Why commissions should stop boxers from betting on the outcome of their fight with their opponents

TRYING to encourage a competitor to win all bets is nothing new. Often, the challenge comes at a time when emotions are running high. But apparently, in the case of Jake Paul, he had carefully planned his challenge to Tommy Fury.

Paul wisely set the parameters where his risk was minimal compared to Fury’s. Paul claimed Fury bet his entire wallet on the outcome of the game. If Fury wins, Paul will double that amount. What was not said was that Paul was guaranteed significantly more money for the fight than Fury. So even if Paul were to lose and call the bet, he would still come away with more pay than his opponent. If the reported purse split is to be believed, Paul was only betting a small percentage on the outcome, unlike Fury, who put his entire salary on the line. In short, Fury would be taking a bigger risk financially.

At first, Tommy was reluctant to accept the bet. Wisely, he let his head rule his heart, but then his father and trainer, John Fury, interceded and told him to accept Paul’s offer. At that moment he shook Paul’s hand. In some jurisdictions it may have been an oral contract that could be the same as a written one, but Paul later tried to reinforce what both had outwardly agreed upon. He signed a written contract for Fury. Again, careless and without legal counsel to advise him, Fury did not put pen to paper.

Some say it was purely a publicity stunt to drum up interest in the fight.
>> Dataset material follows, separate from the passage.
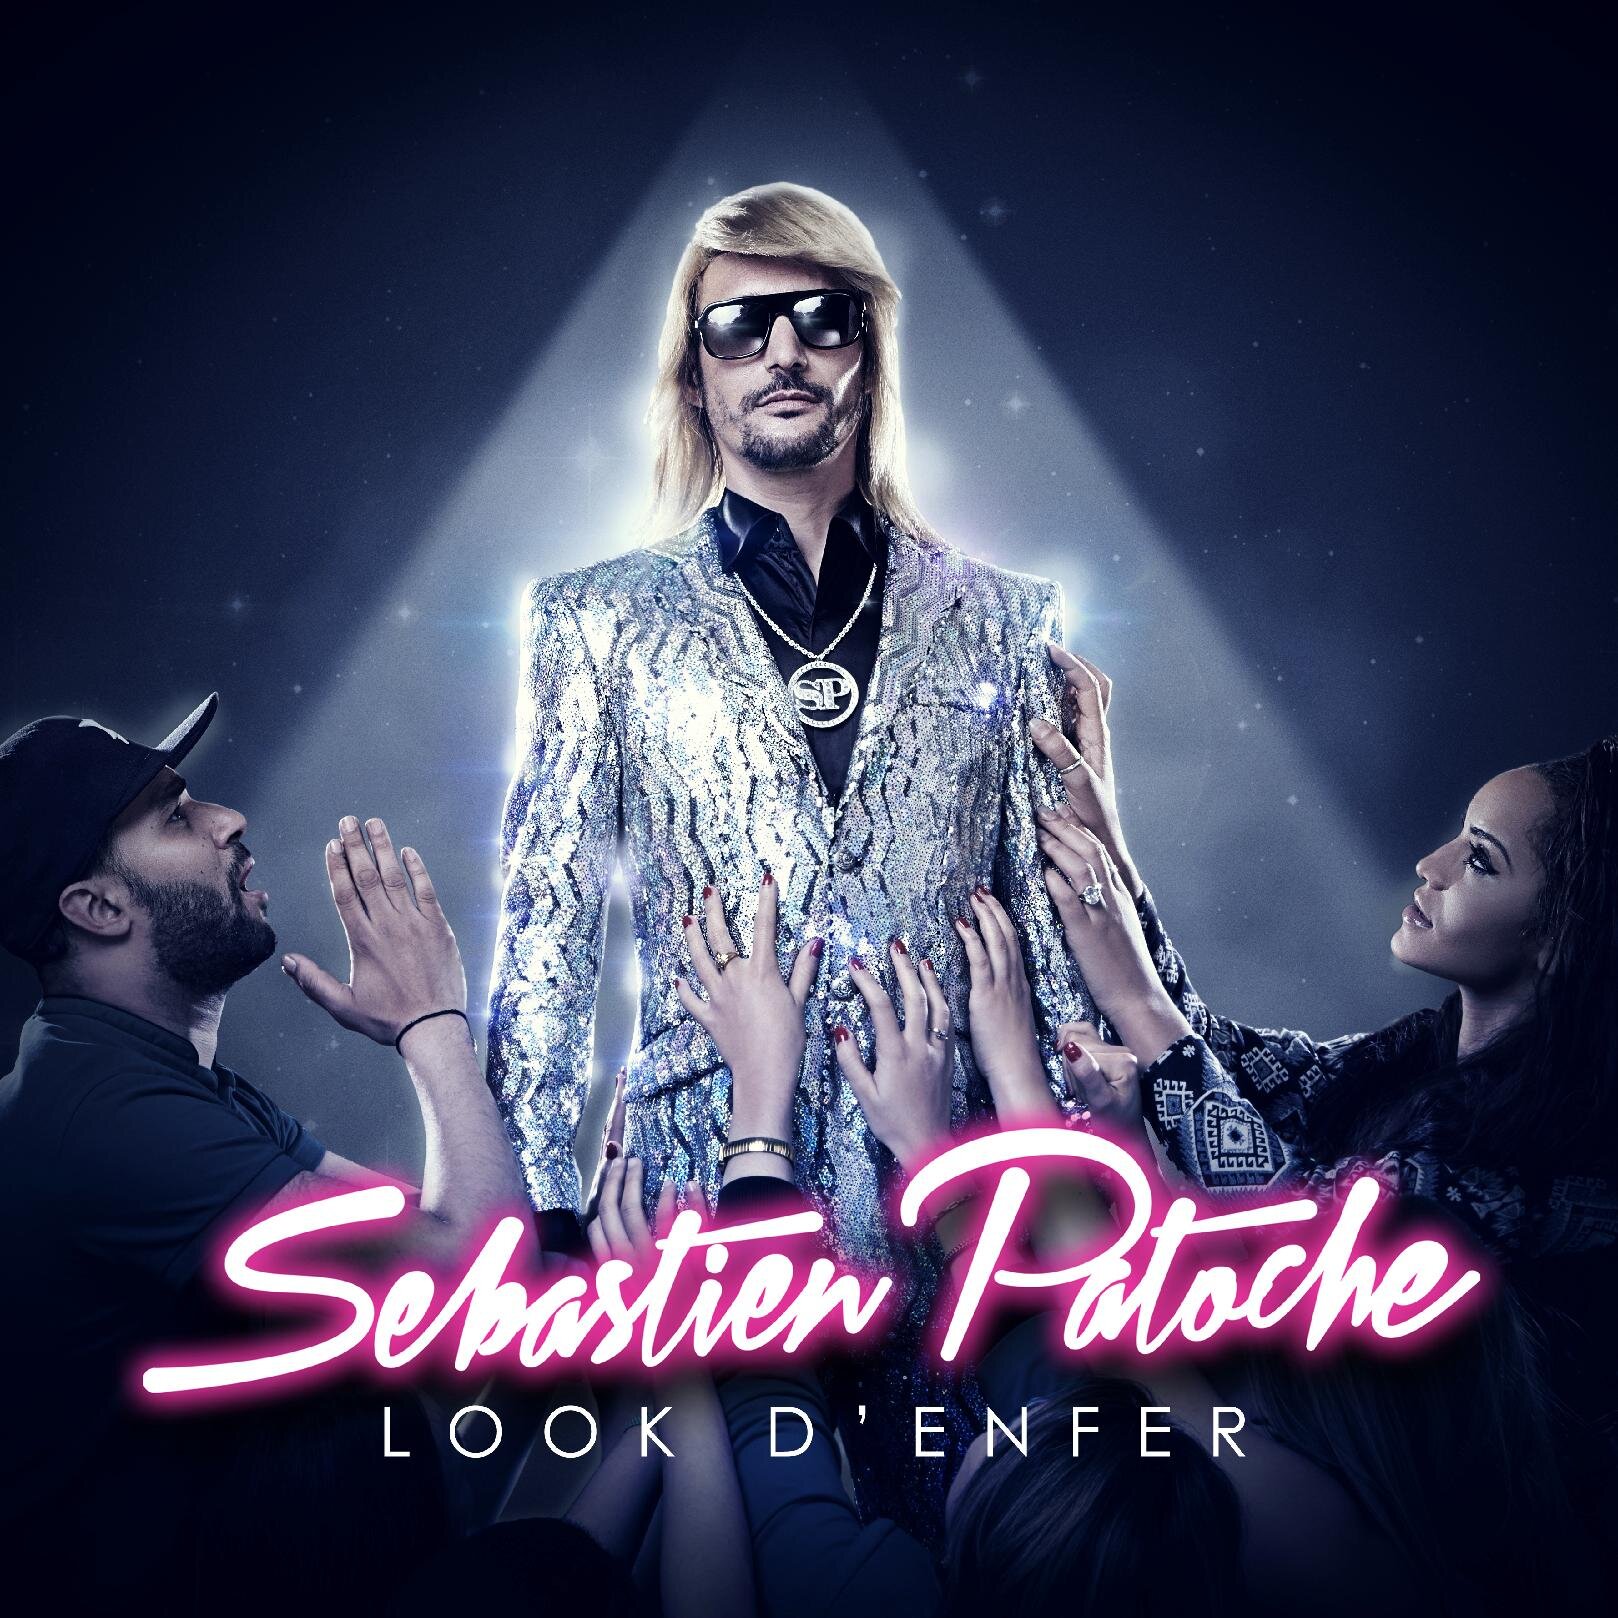 aka Sébastien Patoche Compte Officiel ! Chanteur de charme. Album #LookDenfer disponible : http://t.co/HDS2N8EnrE en écoute ici http://t.co/peAgnq3oy3

Others might say that Paul was trying to get inside Fury’s head. Either way you look at it, Paul was unnecessarily big. The thing is, every time a famous boxer steps into the ring, they are implicitly betting on their career. The outcome of that match will either help or hurt them financially for the next match. The stakes are so high that they don’t need to add a side bet as extra motivation.

Now that the game is over, Paul’s instigated bet has reappeared. John Fury demands from the Americans to pay that they signed a handshake deal. Fury claims that this is how business is done in his world. Your word is your bond and all that. But the Furies are certainly no novices when it comes to contracts. Surely they should have had their lawyers check Tommy’s contract for the Paul fight before signing so they understood and then applied all the financial parameters.

If the split decision had gone against his son instead of for him, would John Fury have advocated for Tommy to hand over his entire wallet to Paul without written consent?

Even if Tommy Fury signed the contract at a press conference, it might not hold up in court. He could claim that he was pressured, coerced and had no legal representation.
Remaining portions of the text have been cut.